Войдя к нему в дом, старый Хабуг показал свидетельство о рождении своей внучки, выданное чегемским сельсоветом, и табеля об успеваемости, на каждом из которых был начертан афоризм Лаврентия Берии: «Героизм и отважность школьника – учиться на отлично». (Кстати, из этого афоризма никак нельзя понять, что думал всесильный министр о героизме и отважности школьниц. Через множество лет, после его ареста, выяснилось, что у него был весьма своеобразный взгляд на природу героизма и отважности школьниц, во всяком случае, некоторых.) Табеля об успеваемости девочки не очень заинтересовали прокурора, но свидетельство о рождении он долго рассматривал и даже, приподняв, проверил на свет.
– Считай, что девочка у тебя в кармане, – сказал он, возвращая табеля и прихлопывая метрику как стоящий документ, который он оставляет для борьбы.
– Приезжай, как только я дам знать, – сказал прокурор, выпроваживая старого Хабуга.
Хабуг сел на своего мула и в ту же ночь возвратился домой.
Сама по себе попытка отсудить внучку после всего, что случилось, была для тех времен необыкновенно смелой. Но Хабуг так любил свою внучку, что был уверен, что ее побег – следствие ее доверчивости, доброты, то есть ошибка, которую надо исправить, так верил в необыкновенность ее достоинств (в чем был прав), что ни капли не сомневался в ее счастливом будущем, если ее удастся отсудить. То, что она может быть счастлива с человеком, с которым она бежала, вытеснялось, вышвыривалось из сознания самой силой его любви, его горькой обиды, что все это произошло слишком рано и без его ведома.
Десять дней подряд плакала тетя Катя у кровати своей дочери, разложив на ней ее вещи, фотографии, пластинки с речами товарища Сталина, причем разбитая пластинка тоже лежала возле остальных, как бы символизируя катастрофу, вместе с красными лоскутками кофточки и лентообразным клоком крепдешинового платья.

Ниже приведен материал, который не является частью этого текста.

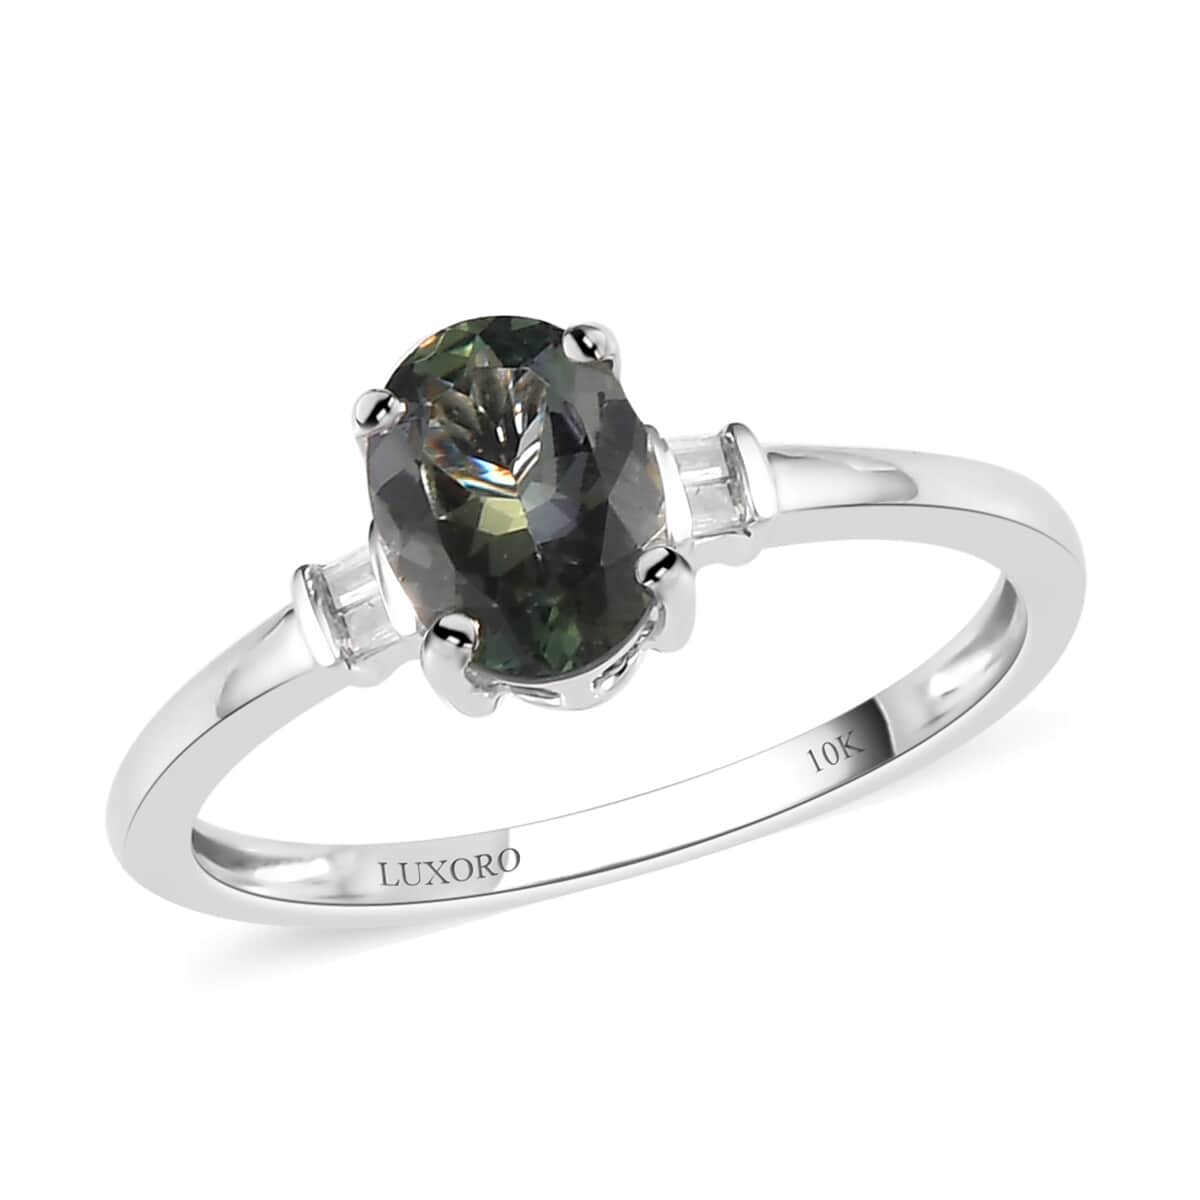 LUXORO 10K White Gold Premium Green Tanzanite and G-H I3 Diamond Ring (Size 7.0) 1.15 ctw image number 0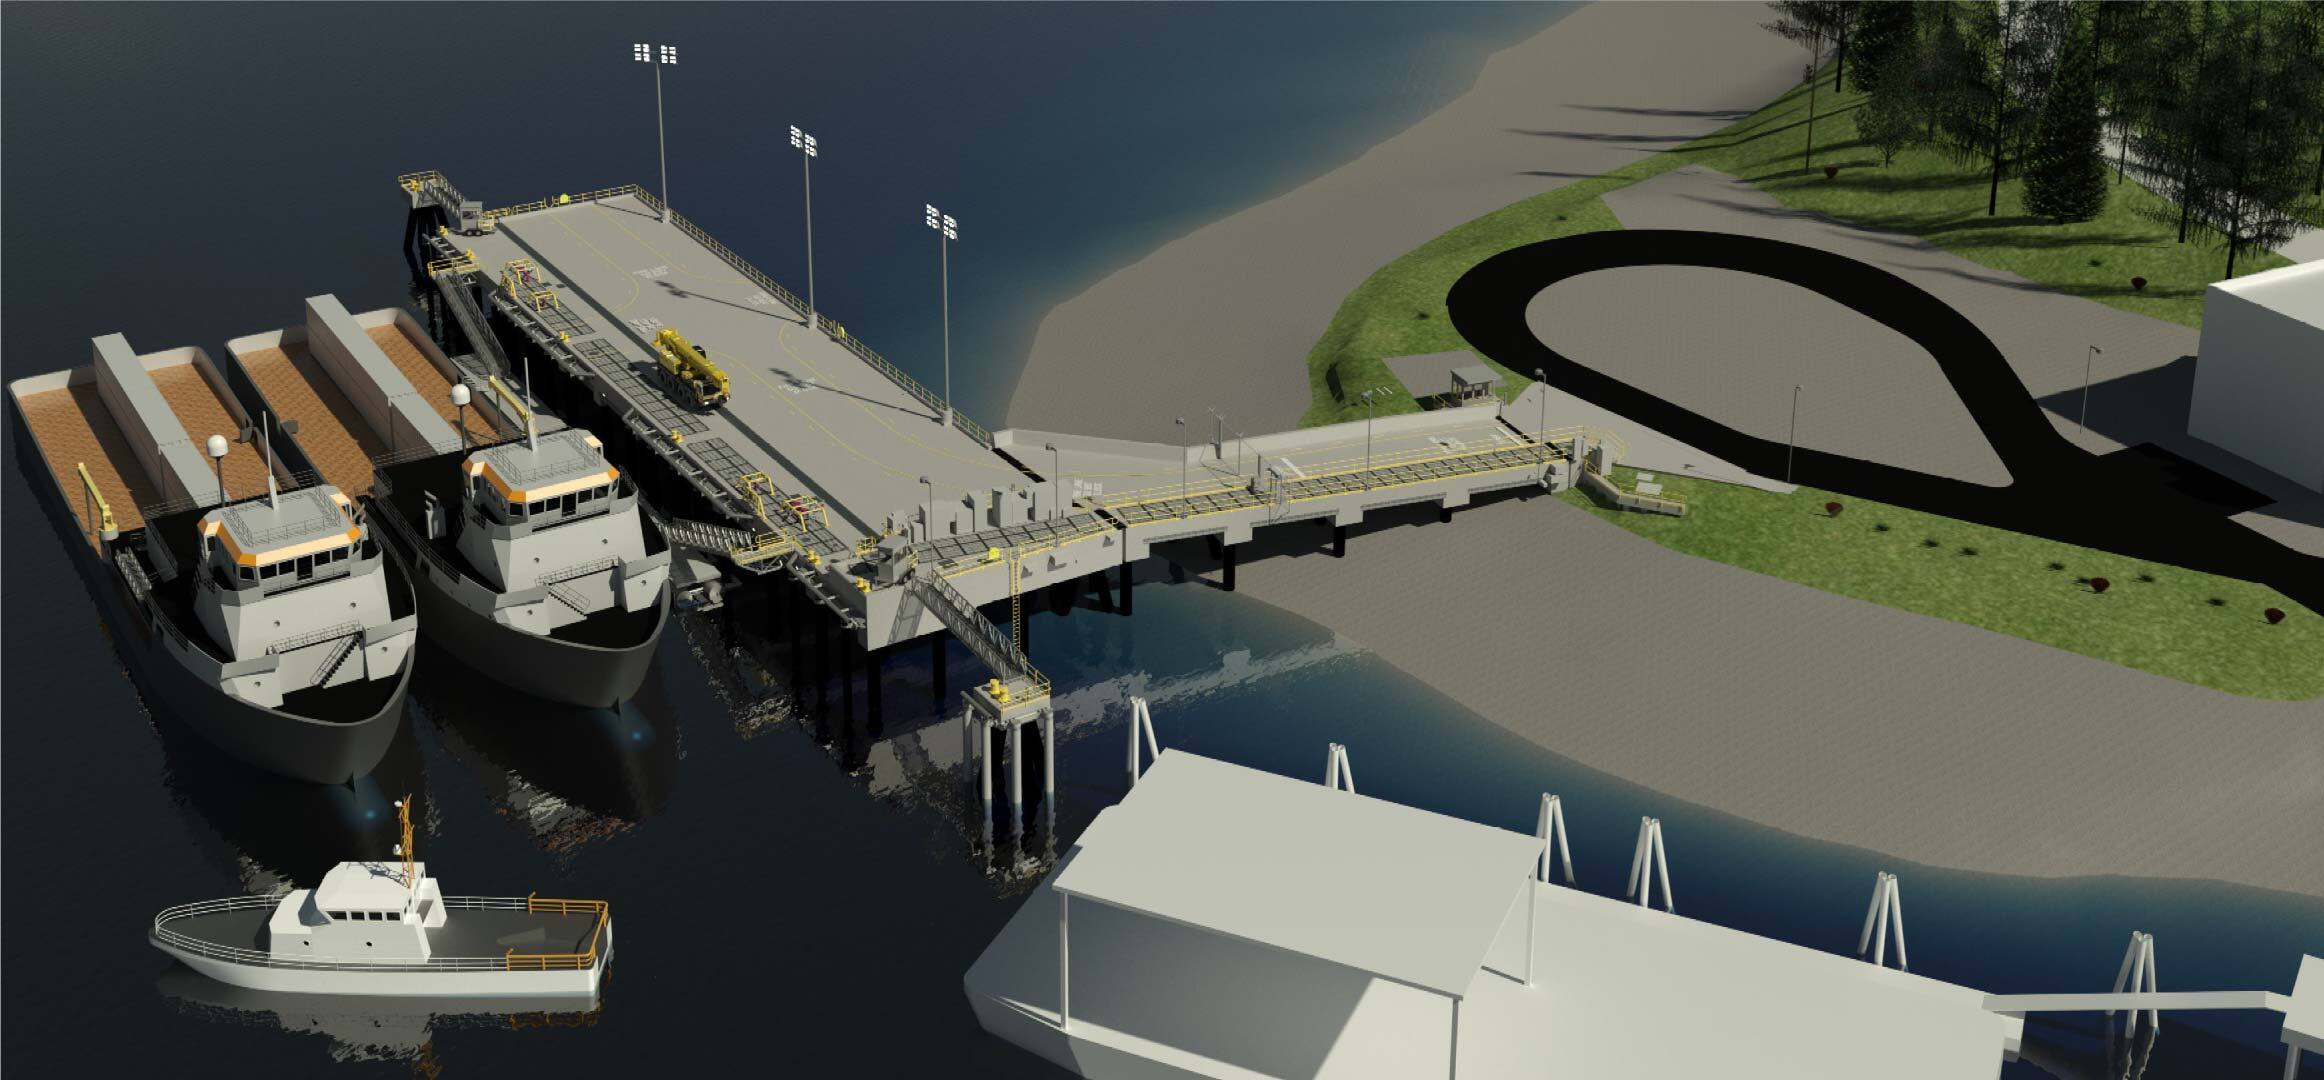 Naval Base Kitsap – Bangor, P-907 Transit Protection Program Pier and Maintenance Facility

В поминальном речитативе тети Кати мотив безвременно оборванного детства занимал главное место. («Еще не высохли косички на кукурузных початках, которые ты заплетала. Еще не перестали сосать козлята, которых ты впервые ткнула в сосцы их матери… Ой, да пусть высохнут сосцы твоей матери, хоть и так они ссохлись давно… Ой, да еще не высохли чернила в твоей чернильнице, еще хочет ручка твоя клювиком поцокать о дно чернильницы, а ты ее бросила… Как ястреб цыпленочка, растерзал тебя злой лаз, только перышки до бедной матери долетели…») В этом месте она обычно задумчиво брала в руки лоскутки ее последней одежды и, подержав в руке, перекладывала на другое место, как бы давая всей этой драматической экспозиции, не меняя основного тона, несколько новый узор.
На пятый день дядя Сандро заметил, что в поминальный речитатив стал с некоторой блудливой настойчивостью вкрадываться (видно, сама чувствовала, что переступает границу, но гипноз творчества всасывал) мотив бедного, безвременно осиротевшего вождя, который от чистого сердца прислал ей свой голос, а она его бросила, как бросила свою бедную мать.
– Оставь его, ради бога! – гремел дядя Сандро, заставая ее за этим мотивом. – Какой он тебе бедный! В Сибирь захотела?!
Не прерывая речитатива, услышав голос мужа, она отходила от этого мотива, но, как понимал дядя Сандро, продолжала кружиться в опасной близости.
В ближайшие дни поминальное песнопенье все больше и больше насыщалось прозаической мыслью, что девочка, почти голая и босая, без смены белья, оказалась на чужбине. Этот мотив настолько отяжелил ее песнопенье, что в конце концов мелодия шлепнулась на землю, и голос тети Кати, начав с риторического вопроса: «Разве ты отец?» – перешел на ежедневный ритм домашней пилы.
Дядя Сандро был вполне готов, раз уж так случилось, передать чемодан с вещами своей дочке, но он и в самом деле не знал, где она. Были извещены родственники во всех селах, чтобы в случае чего они передали родителям, где Тали. Но никто ничего не знал.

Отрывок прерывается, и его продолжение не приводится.